SUPPLIED MATERIAL:

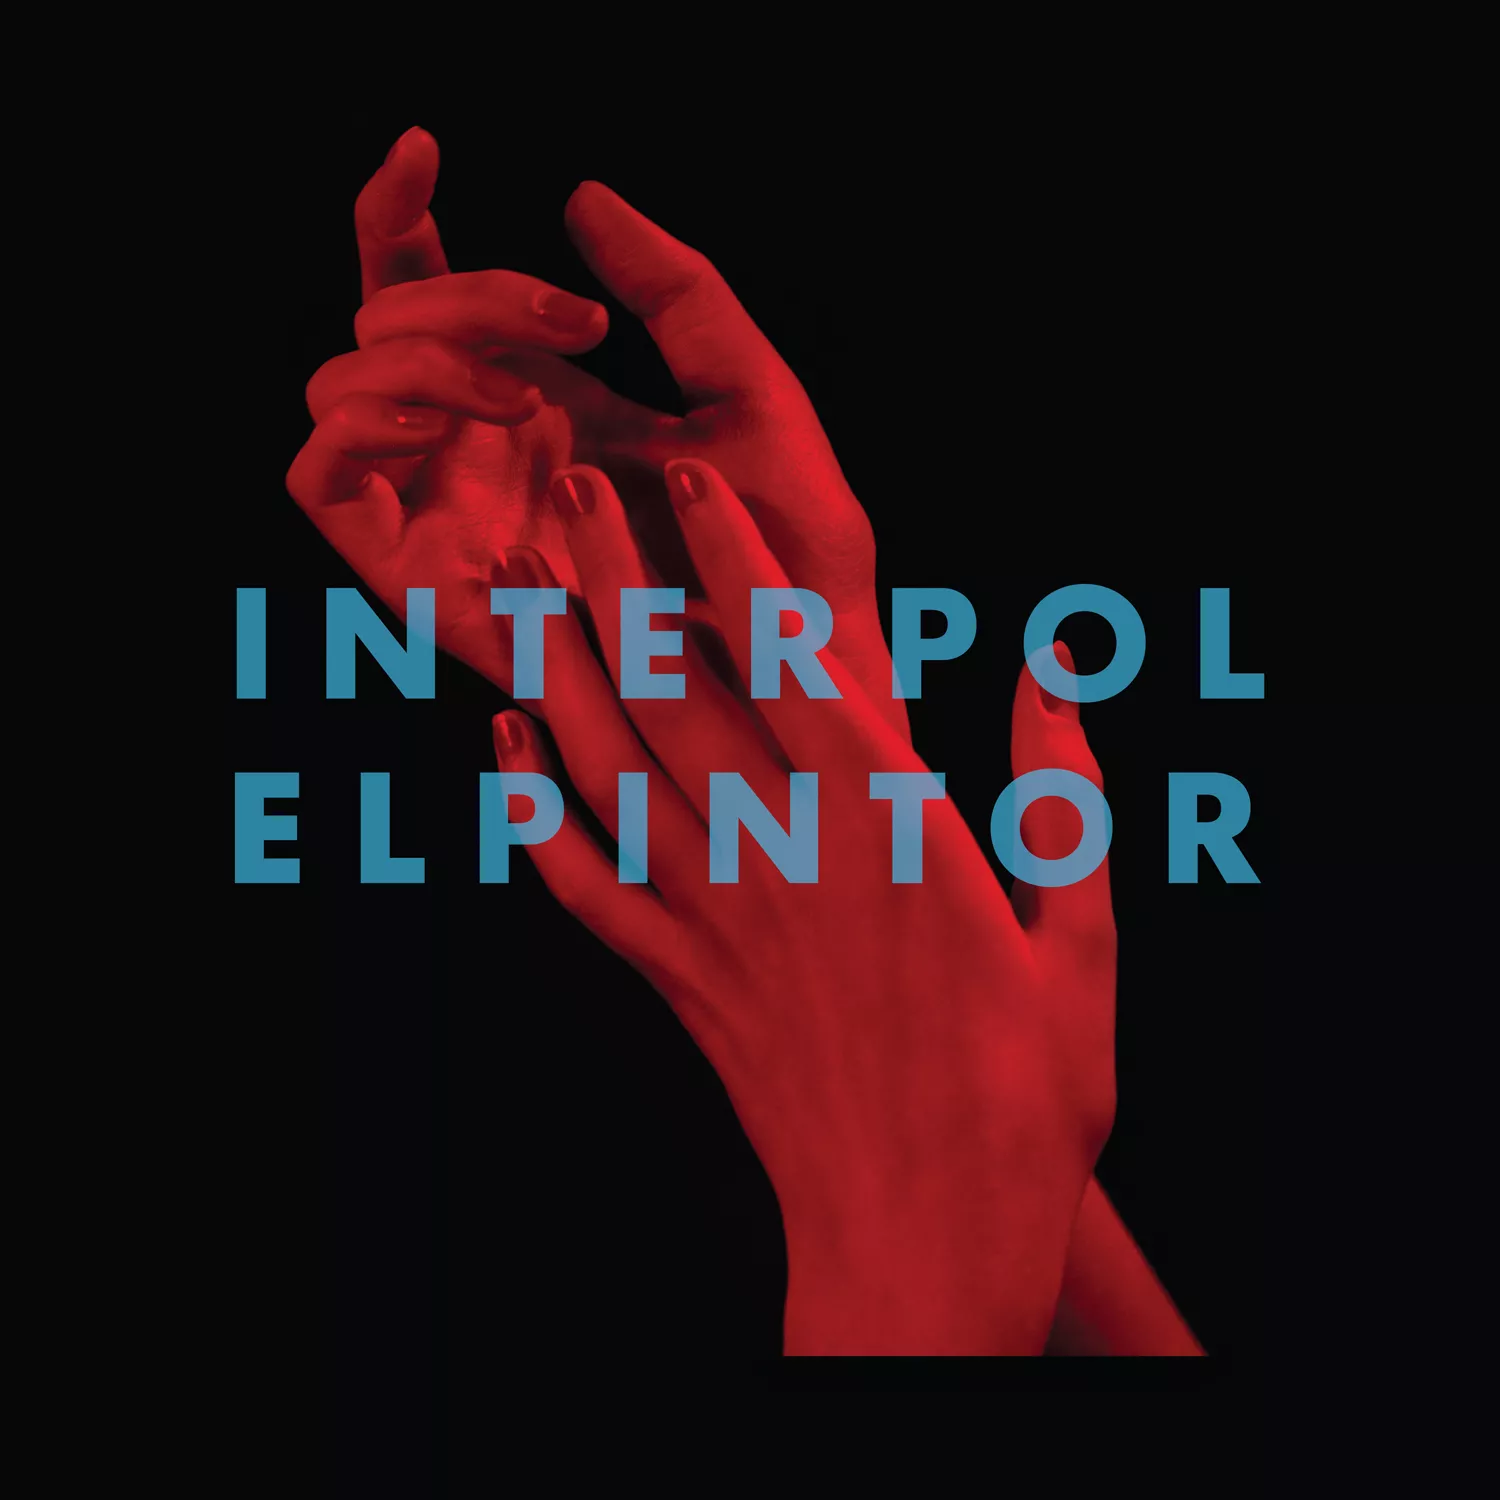 El Pintor - Interpol
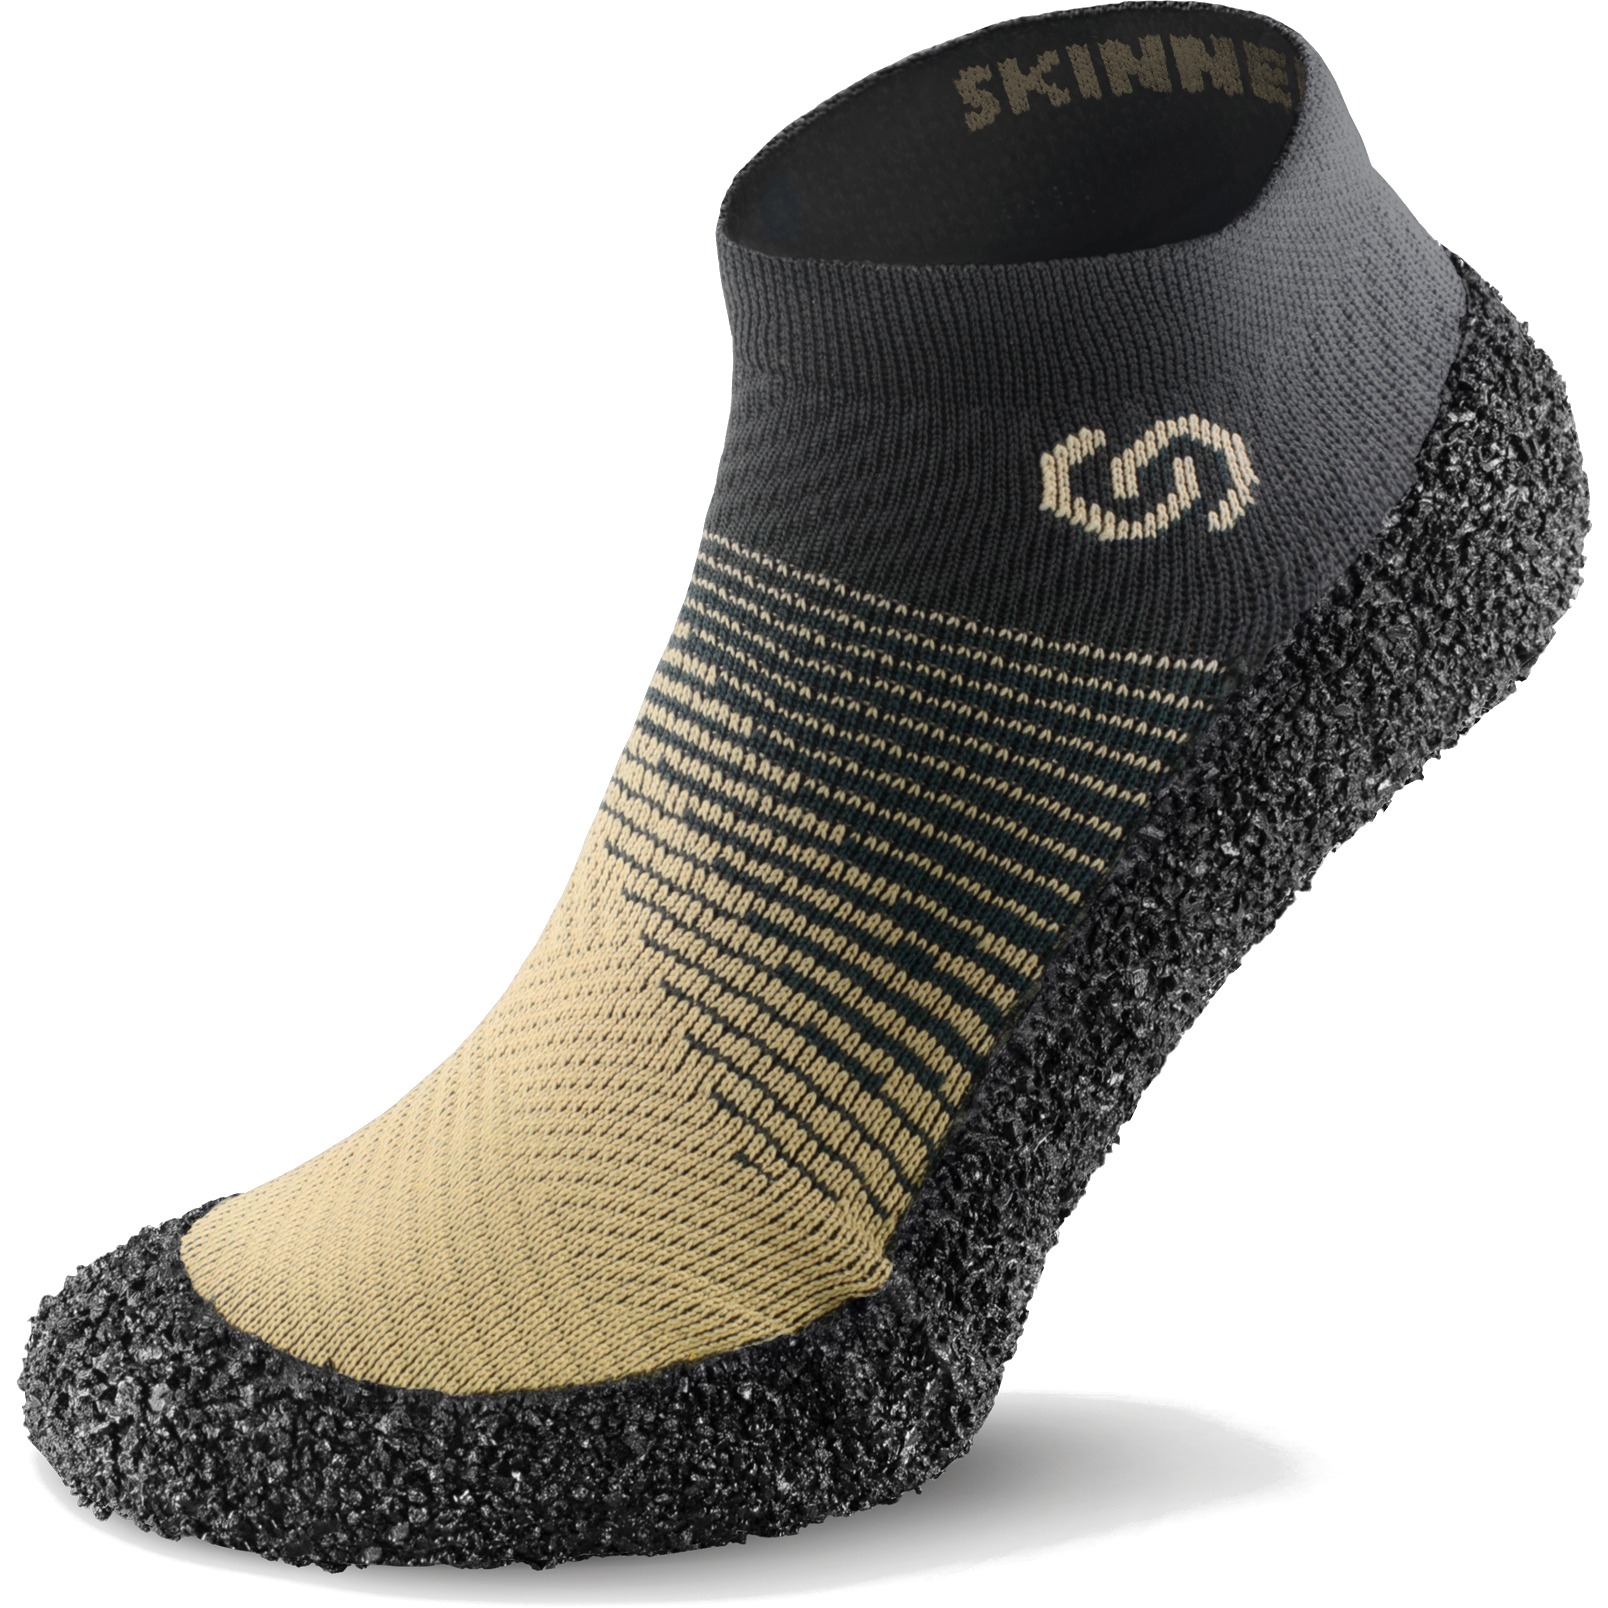 Productfoto van Skinners Sock Shoes 2.0 - sand
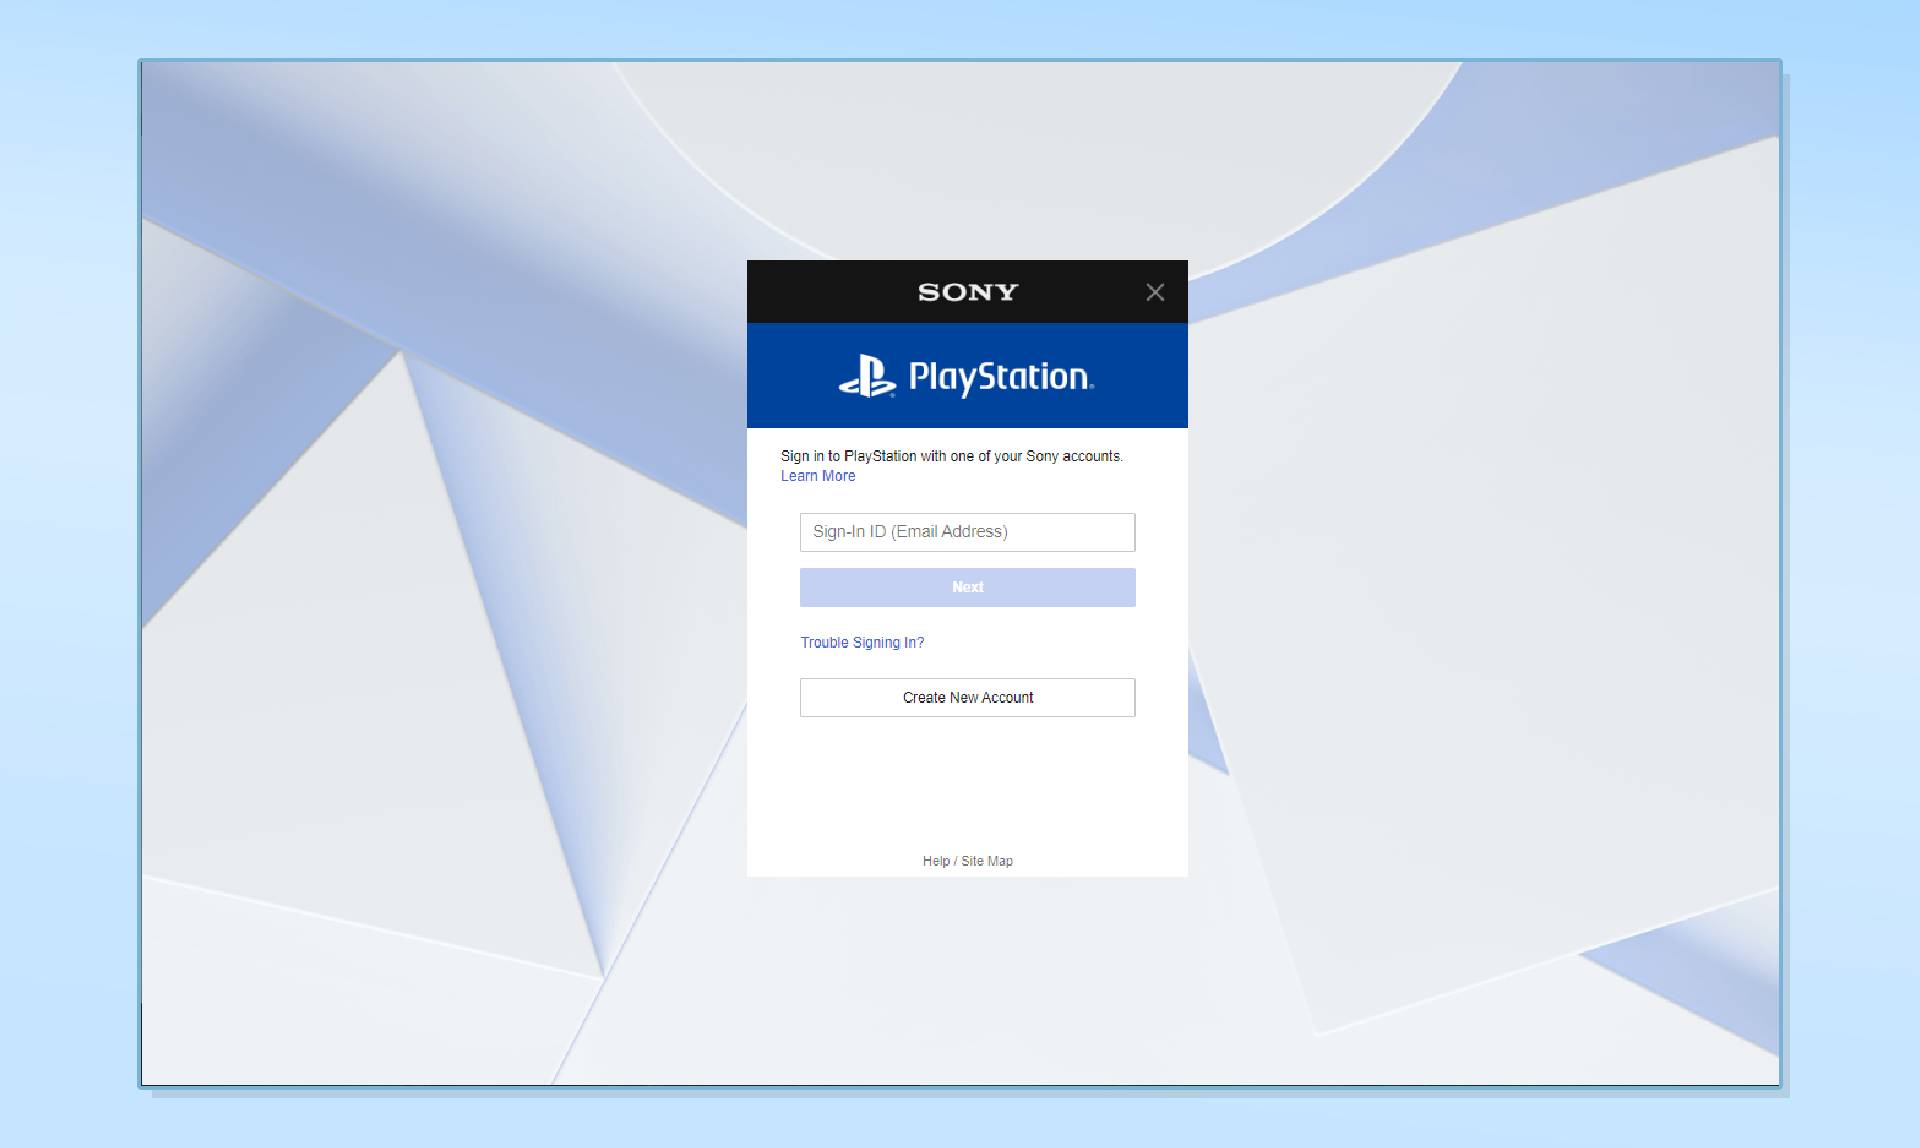 Скриншоты экрана входа в PlayStation, демонстрирующие шаги по изменению вашего имени в PSN
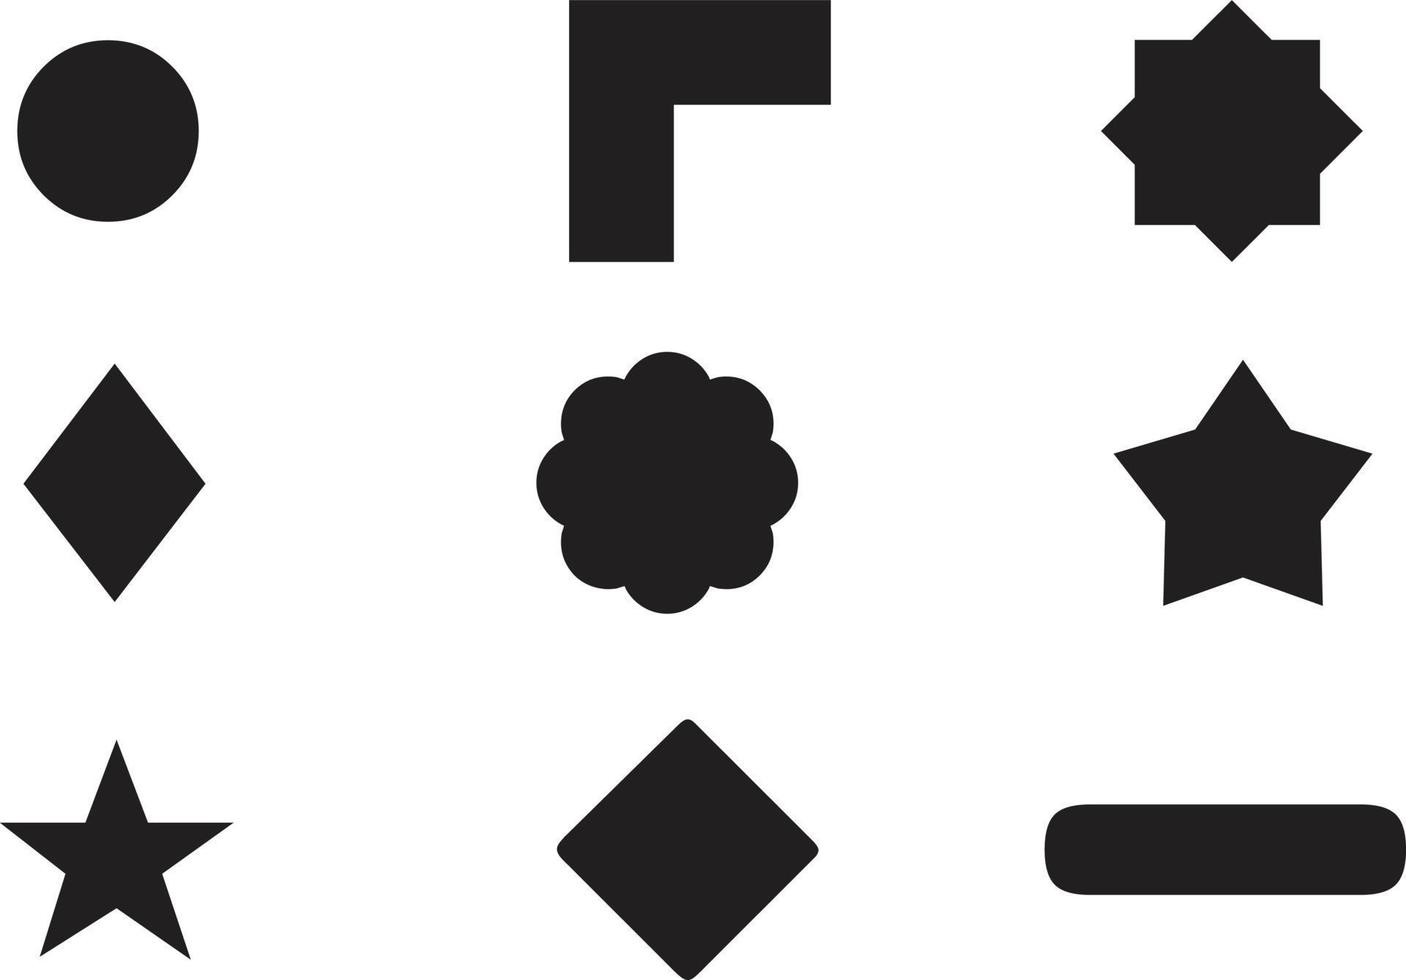 geometrische Formen schwarze Silhouette Icon-Set. umriss cartoon abstrakte leere vorlage für sprechblase, nachrichtenballon, textnotizabzeichen, preisschild, papierspeicheraufkleber, denken sie wolkenrahmen, webbanner vektor

EXERCISE DESCRIPTION:
Please return the material above unchanged, with every picture removed.

RESPONSE TO THE TASK:
 El Pintor - Interpol
 Productfoto van Skinners Sock Shoes 2.0 - sand
 Скриншоты экрана входа в PlayStation, демонстрирующие шаги по изменению вашего имени в PSN
 geometrische Formen schwarze Silhouette Icon-Set. umriss cartoon abstrakte leere vorlage für sprechblase, nachrichtenballon, textnotizabzeichen, preisschild, papierspeicheraufkleber, denken sie wolkenrahmen, webbanner vektor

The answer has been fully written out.